## About this exercise
Leaving the pictures aside, transcribe the data below exactly.

## Materials provided
┌────────
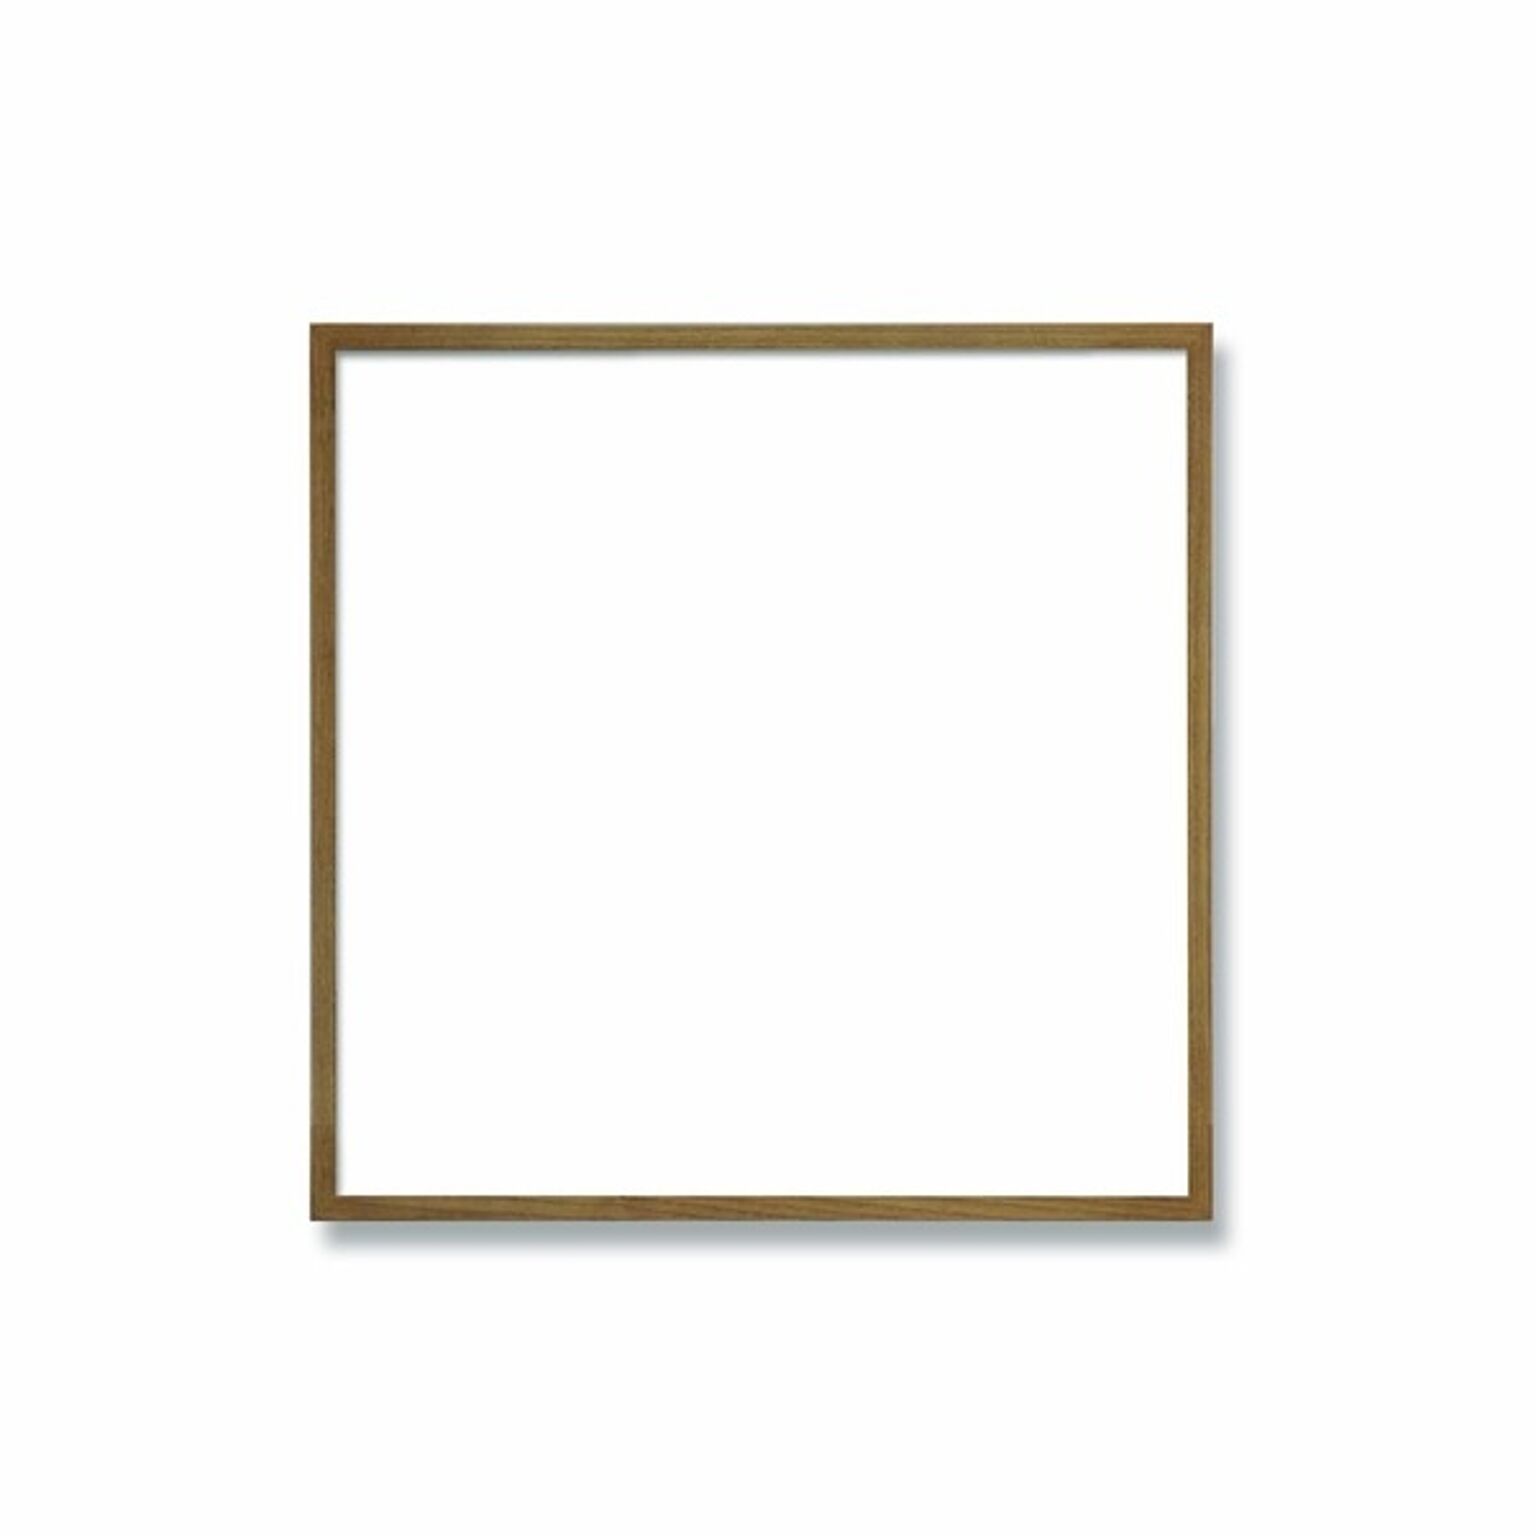 【角額】細い木製正方形額・壁掛けひも・紫外線から作品を守るUVカットアクリル付き　■9102 300角(300×300mm)「茶」
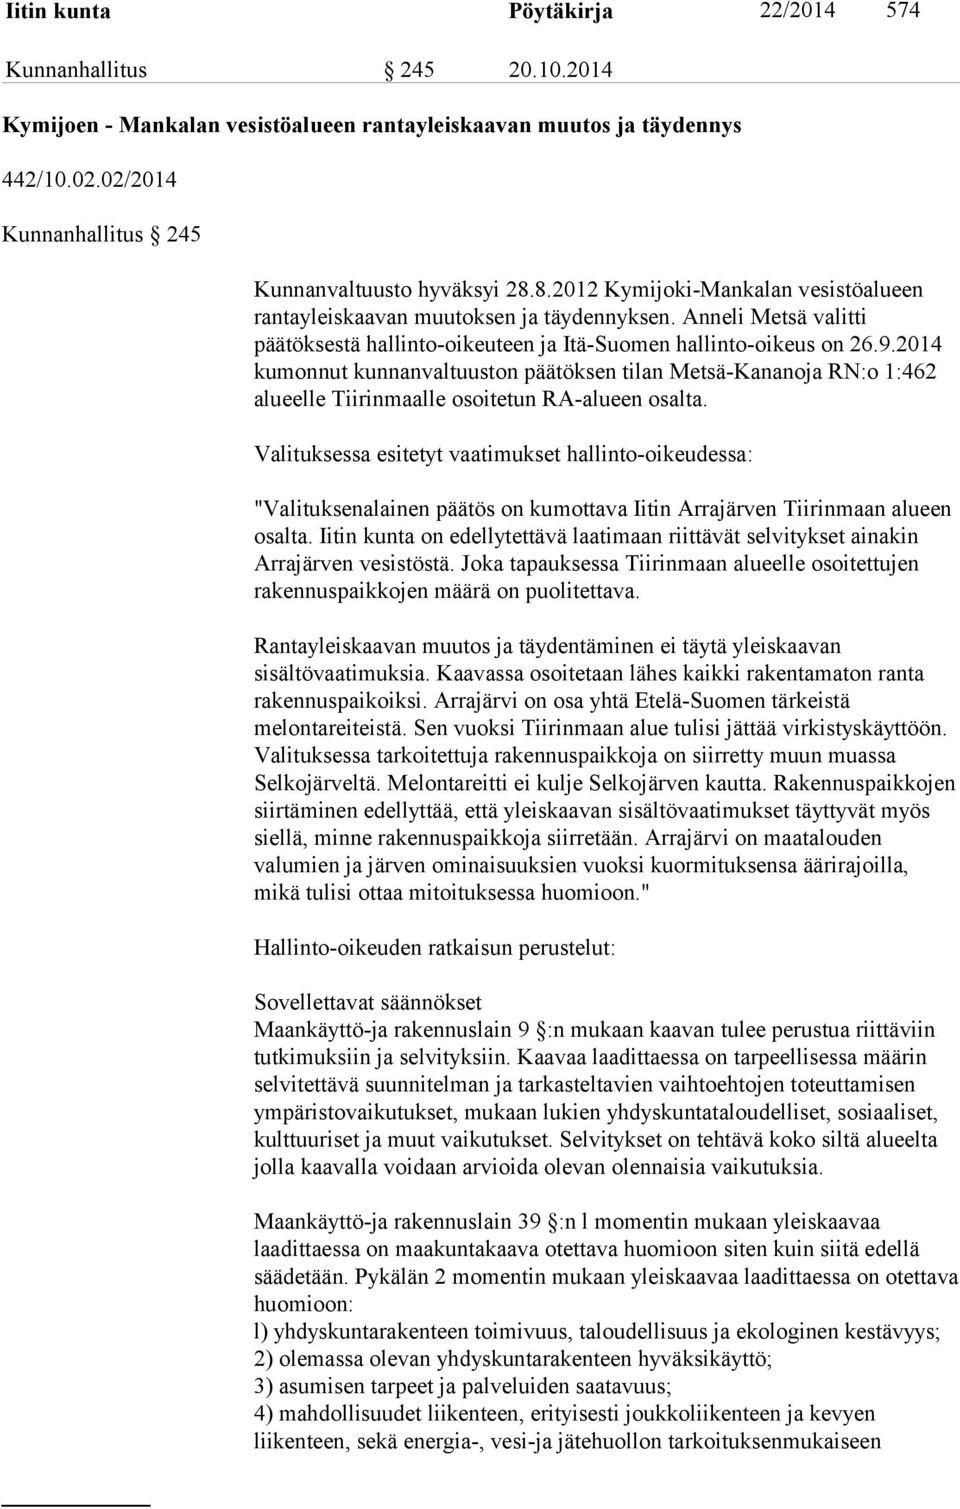 Anneli Metsä valitti päätöksestä hallinto-oikeuteen ja Itä-Suomen hallinto-oikeus on 26.9.
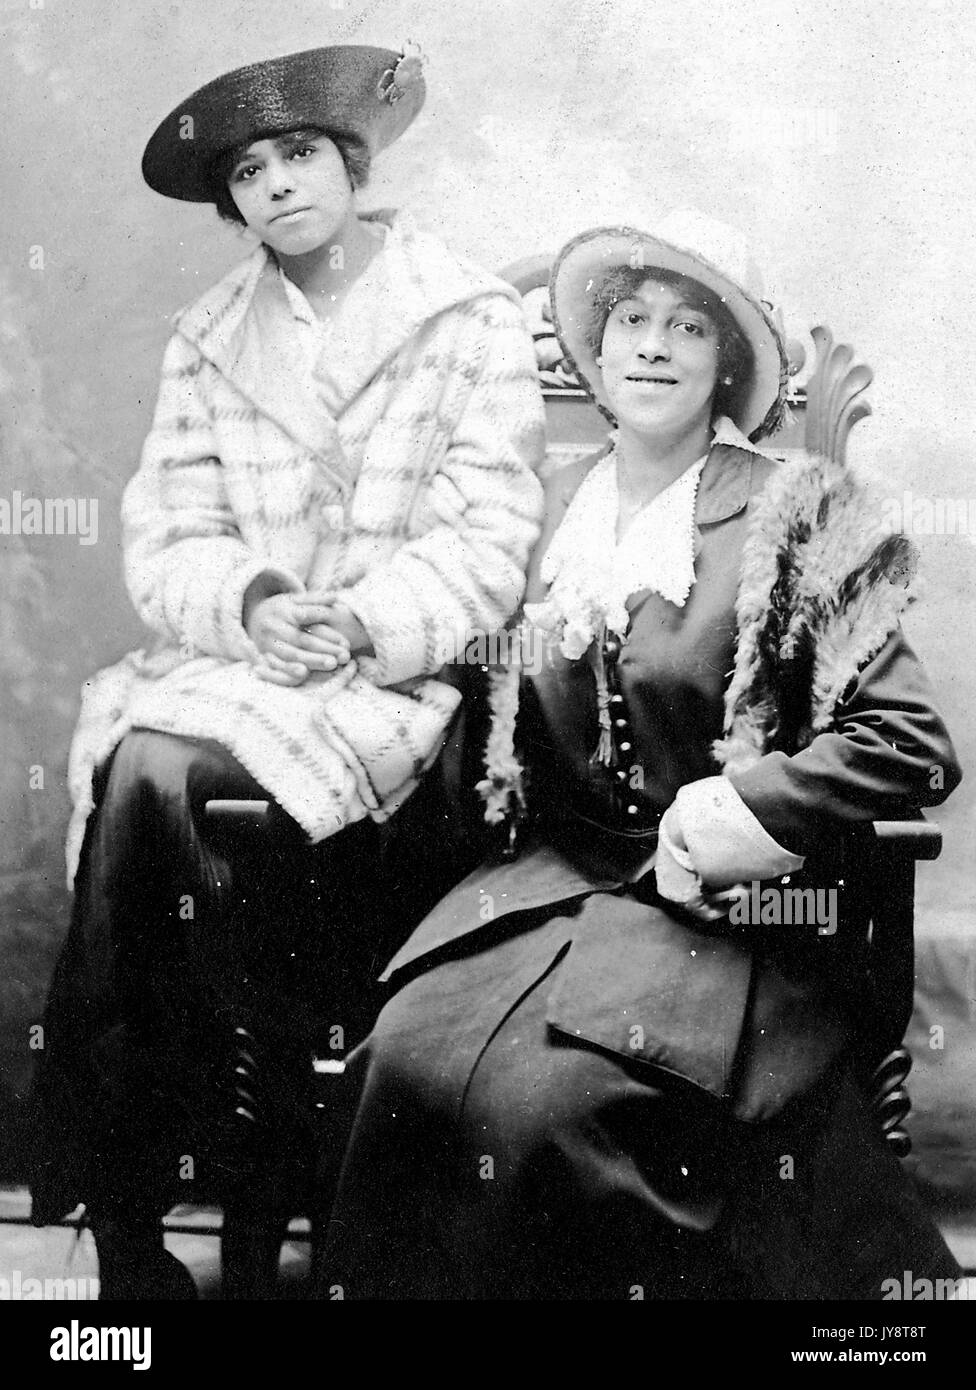 Retrato de dos mujeres afroamericanas sentado en una silla, vistiendo vestidos y sombreros, en un estudio fotográfico, una mujer con una ligera sonrisa, 1915. Foto de stock
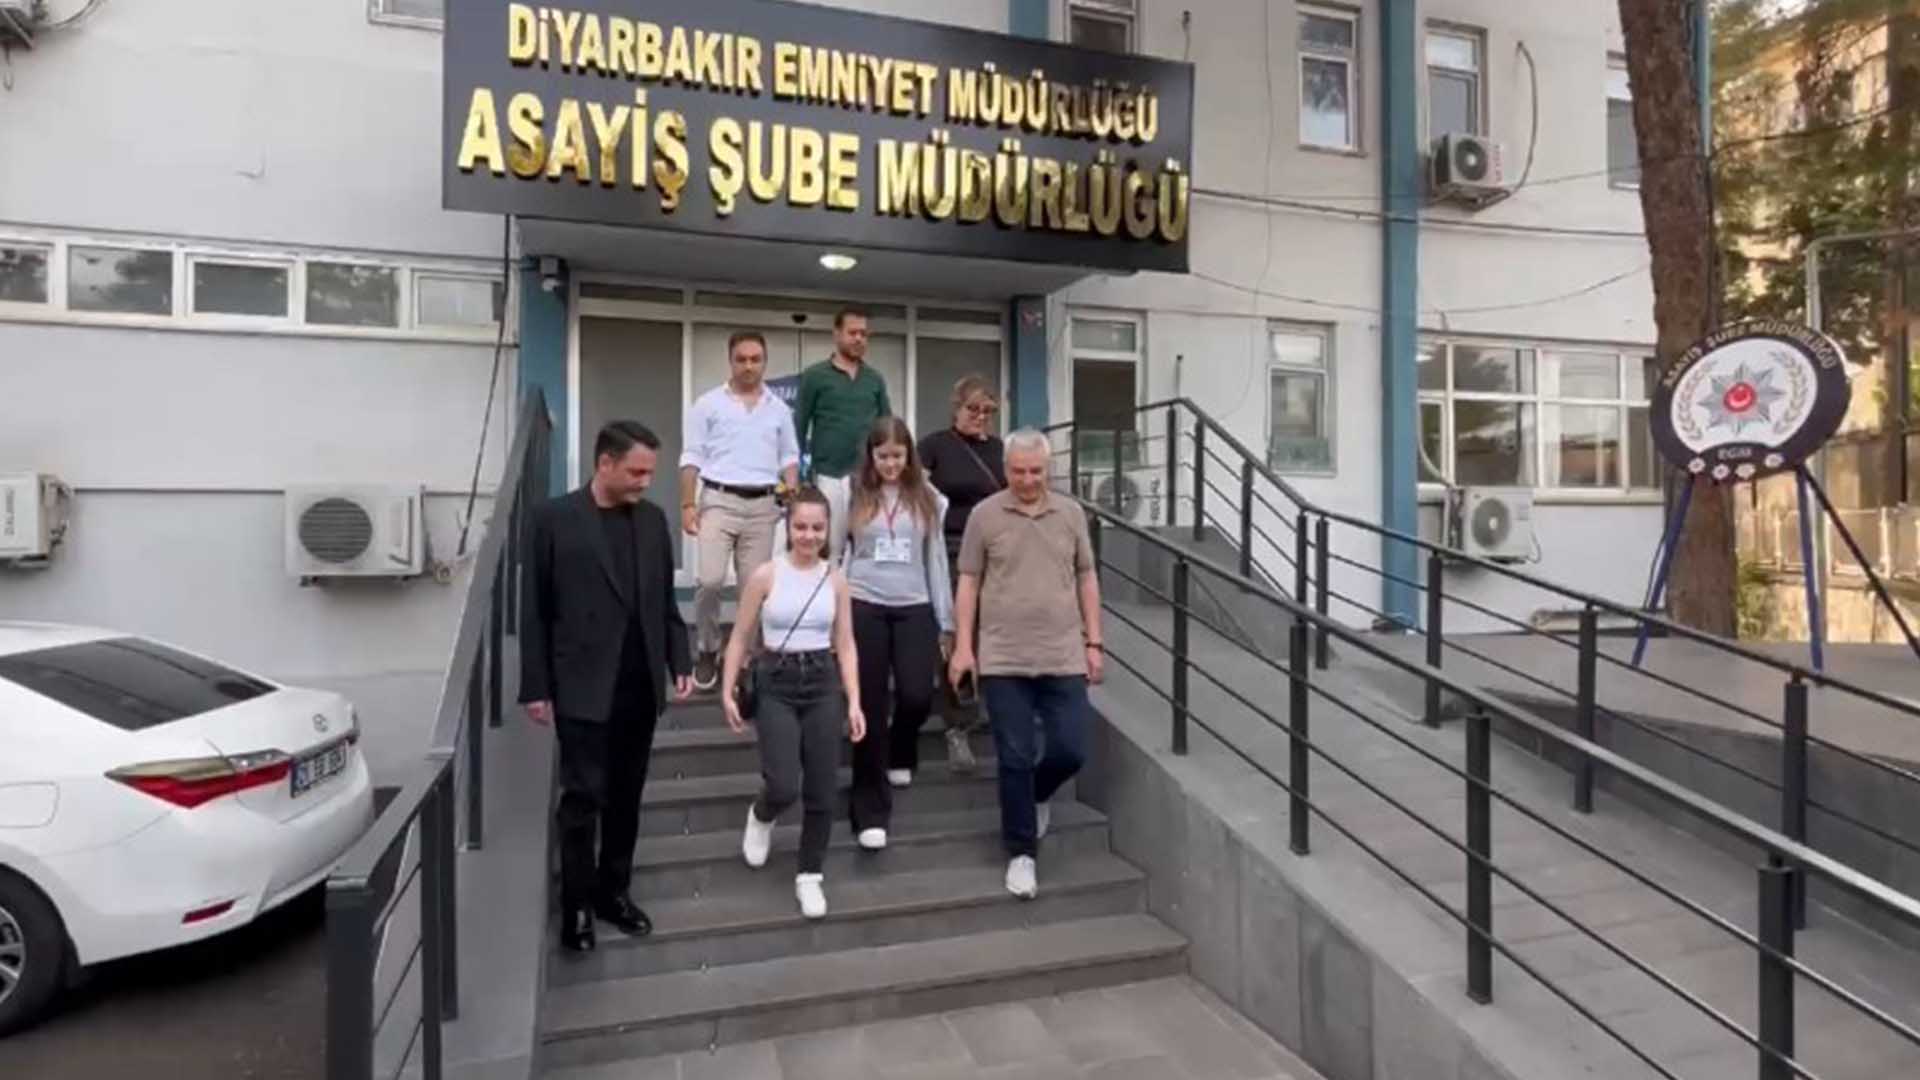 Diyarbakır’da Hırsızların Turist Halayı 3
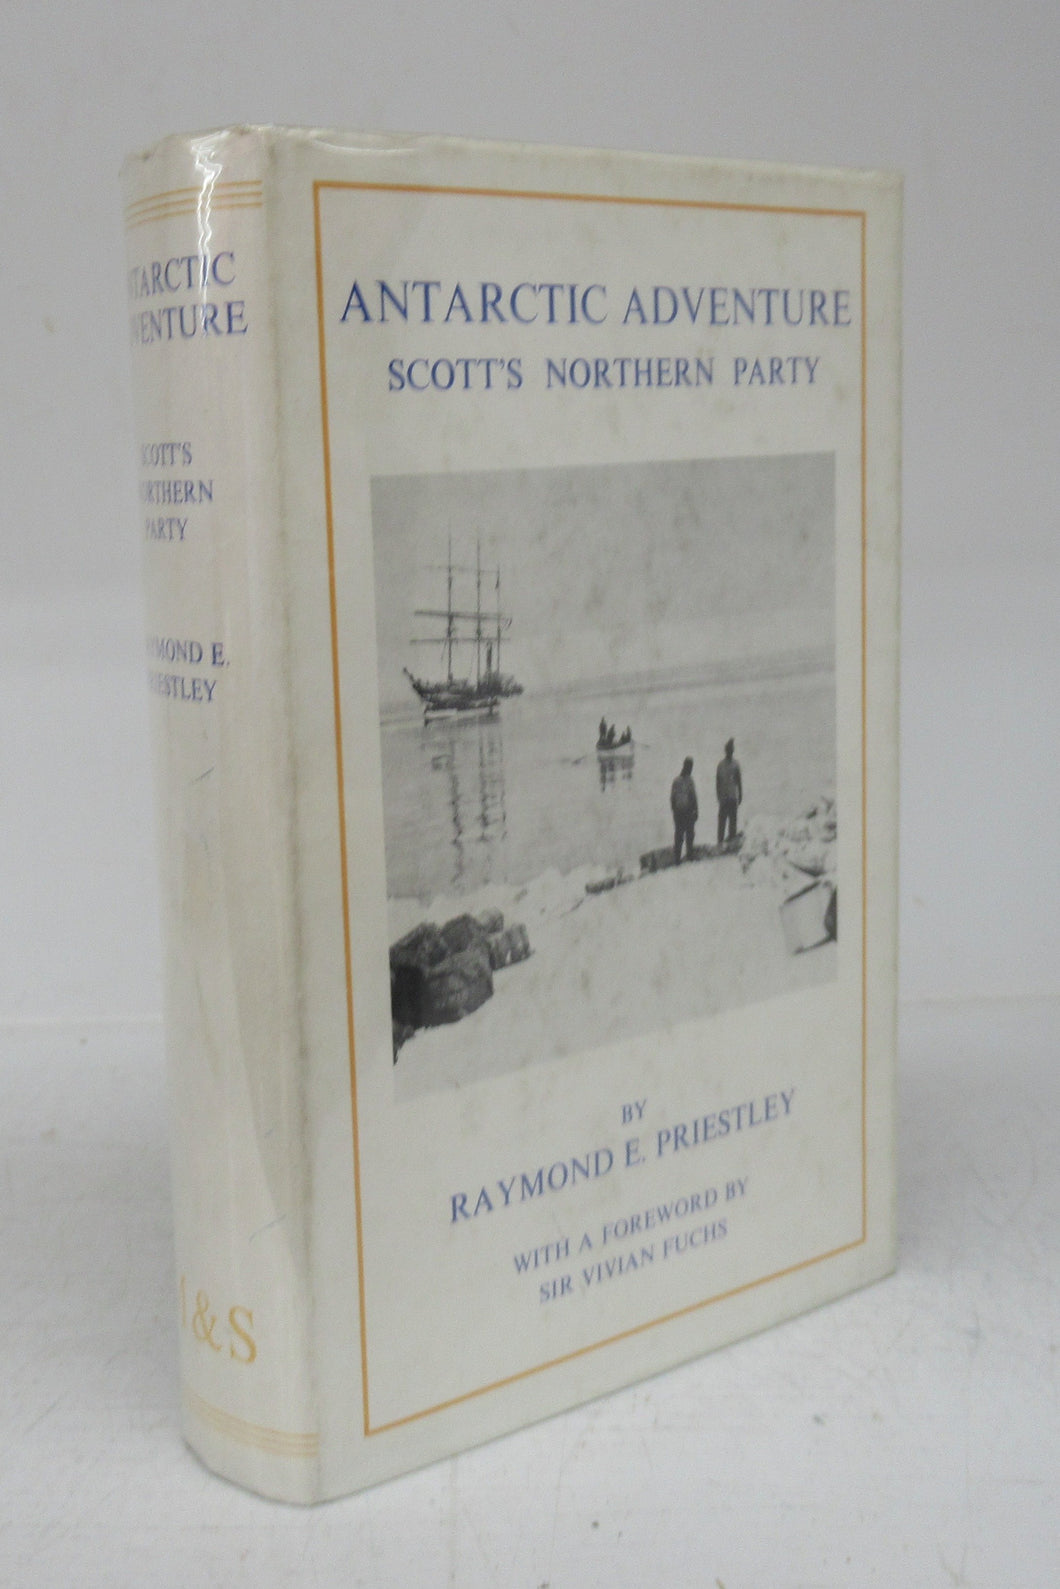 Antarctic Adventure: Scott's Northern Party
└────────
## Task response
 【角額】細い木製正方形額・壁掛けひも・紫外線から作品を守るUVカットアクリル付き　■9102 300角(300×300mm)「茶」
 Anneli Metsä valitti päätöksestä hallinto-oikeuteen ja Itä-Suomen hallinto-oikeus on 26.9.
 Retrato de dos mujeres afroamericanas sentado en una silla, vistiendo vestidos y sombreros, en un estudio fotográfico, una mujer con una ligera sonrisa, 1915. Foto de stock
 Diyarbakır’da Hırsızların Turist Halayı 3
 Antarctic Adventure: Scott's Northern Party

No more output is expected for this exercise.